Application of (infinite) Ramsey Theorem By Ramsey Theorem I mean the following statement: let $G$ be a countable complete graph whose edges are colored with a finite number of colors; then there is a subset $H \subseteq G$ such that the graph induced by $H$ is infinite, complete, and monochromatic.
I'd like to use Ramsey Theorem to prove the following: let $G$ be a countable complete graph whose edges are colored with a infinite number of colors. Assume further that there is $k < \omega$ such that every star (subgraph whose edges all share a common vertex) has at most $k$ colors. Then $G$ admits a complete and monochromatic infinite subgraph $H$.
My try is: identify $G$ with $\omega$ and consider the 'star of $0$'. In the star of $0$ there is an infinite set $H_0$ of the same color. Let $x_0$ be the minimum of $H_0$; in the star of $x_0$ there is an infinite set $H_1$ of the same color etc, etc. At the end I get a sequence of colors $c_0, c_1, \ldots$ Is there a way to conclude that there are only finitely many colors in this sequence?
Any help would be appreciated.
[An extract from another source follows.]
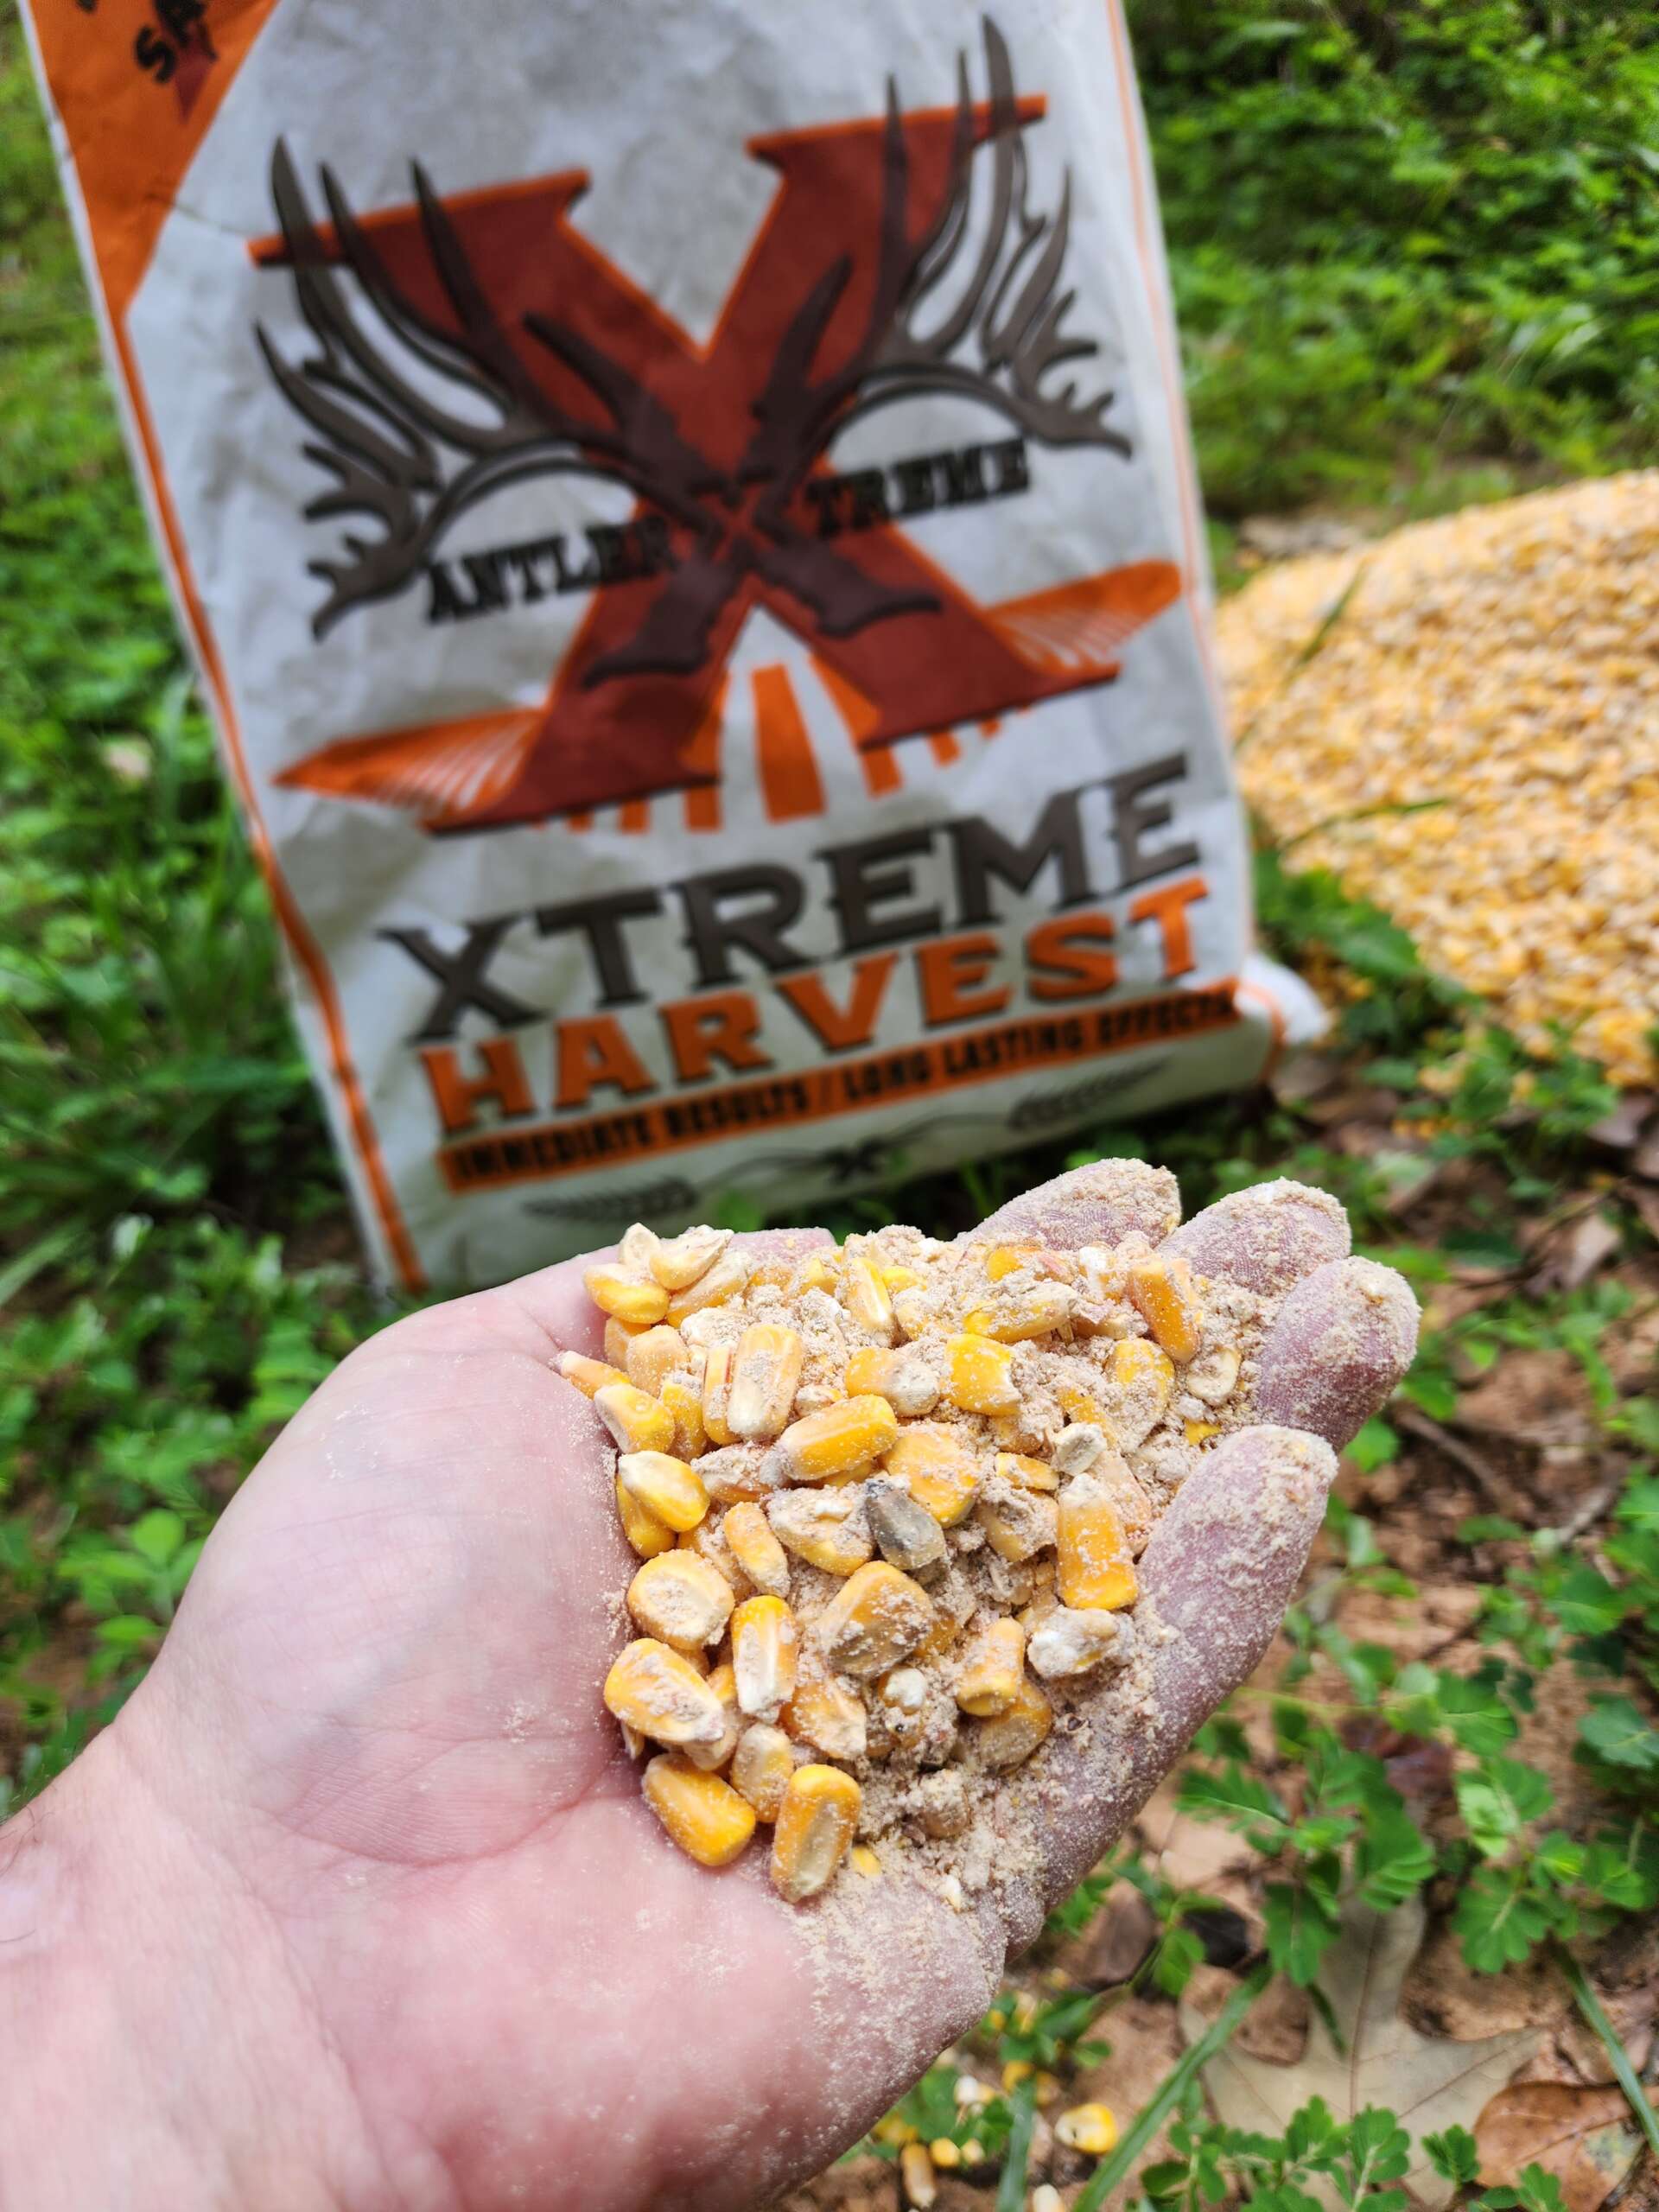 AntlerXtreme’s Xtreme Harvest: A Game Changer in Deer Attraction

Also, a completely different argument than mine is welcomed.
 A: Let's define $H$ an infinite complete subgraph of $G$ as follows:
Start with any $v_0 \in V$, where $G=(V,E)$. Let $N(v_0):=\{v \in V: v_0 v \in E\}$ be the set of neighbours of $v_0$.
As $v_0$ and $N(v_0)$ can be seen as a star centered at $v_0$, there are at most $k$ colors in the edges between $v_0$ and $N(v_0)$. By the "infinite pigeonhole principle", there is a color $c_0$ and an infinite set $H_0 \subset N(v_0)$ such that the edges between $v_0$ and $H_0$ are all of colour $c_0$.
Now, suppose we are in the step $n$, that is, we already have vertices $v_0, \dots, v_n$ and $H_0 \supset \cdots \supset H_n$ such that for each $i$, the edges between $v_i$ and $H_i$ are all of color $c_i$ and $v_{i} \in H_{i-1}$.
We choose $v_{n+1} \in H_n$ and then, again by the "infinite pigeonhole principle", focusing on the star $(v_{n+1},H_n\setminus\{v_{n+1}\})$ we can find a colour $c_{n+1}$ and $H_{n+1} \subset H_n\setminus\{v_{n+1}\}$ such that the edges between $v_{n+1}$ and $H_{n+1}$ are all of colour $c_{n+1}.
Define $H$ the graph with vertices $\{v_n:n \in \mathbb{N}\}$ and edges $\{v_i v_j:i\neq j, i,j \in\mathbb{N}\}.$
Now let's show that the sequence $c_0,c_1,c_2,\dots$ has a finite number of colors.
Let $n_i$ be the first time a colour $c=c_{n_i}$ appeared in the sequence $(c_n)$, $i=0,1,2,\dots$. We will prove that, in fact, $(n_i)$ has at most $k$ terms.
See that $v_j \in N(v_{n_i})$ for every $j<n_i$ and there is at most $k$ colors in the star $(v_{n_i},N(v_{n_i}))$. So we only have $k-i$ choices for $c_{n_i}$, since $c_{n_i}\not \in \{c_{n_0},\dots,c_{n_{i-1}}\}$. That is, it is only possible to go on when, $k-i>0 \implies i<k$.
Finally, that means $(n_i)$ has at most $k$ terms and we can apply Ramsey Theorem on $H$ to find the monochromatic infinite complete subgraph of $H$ and, in particular, of $G$.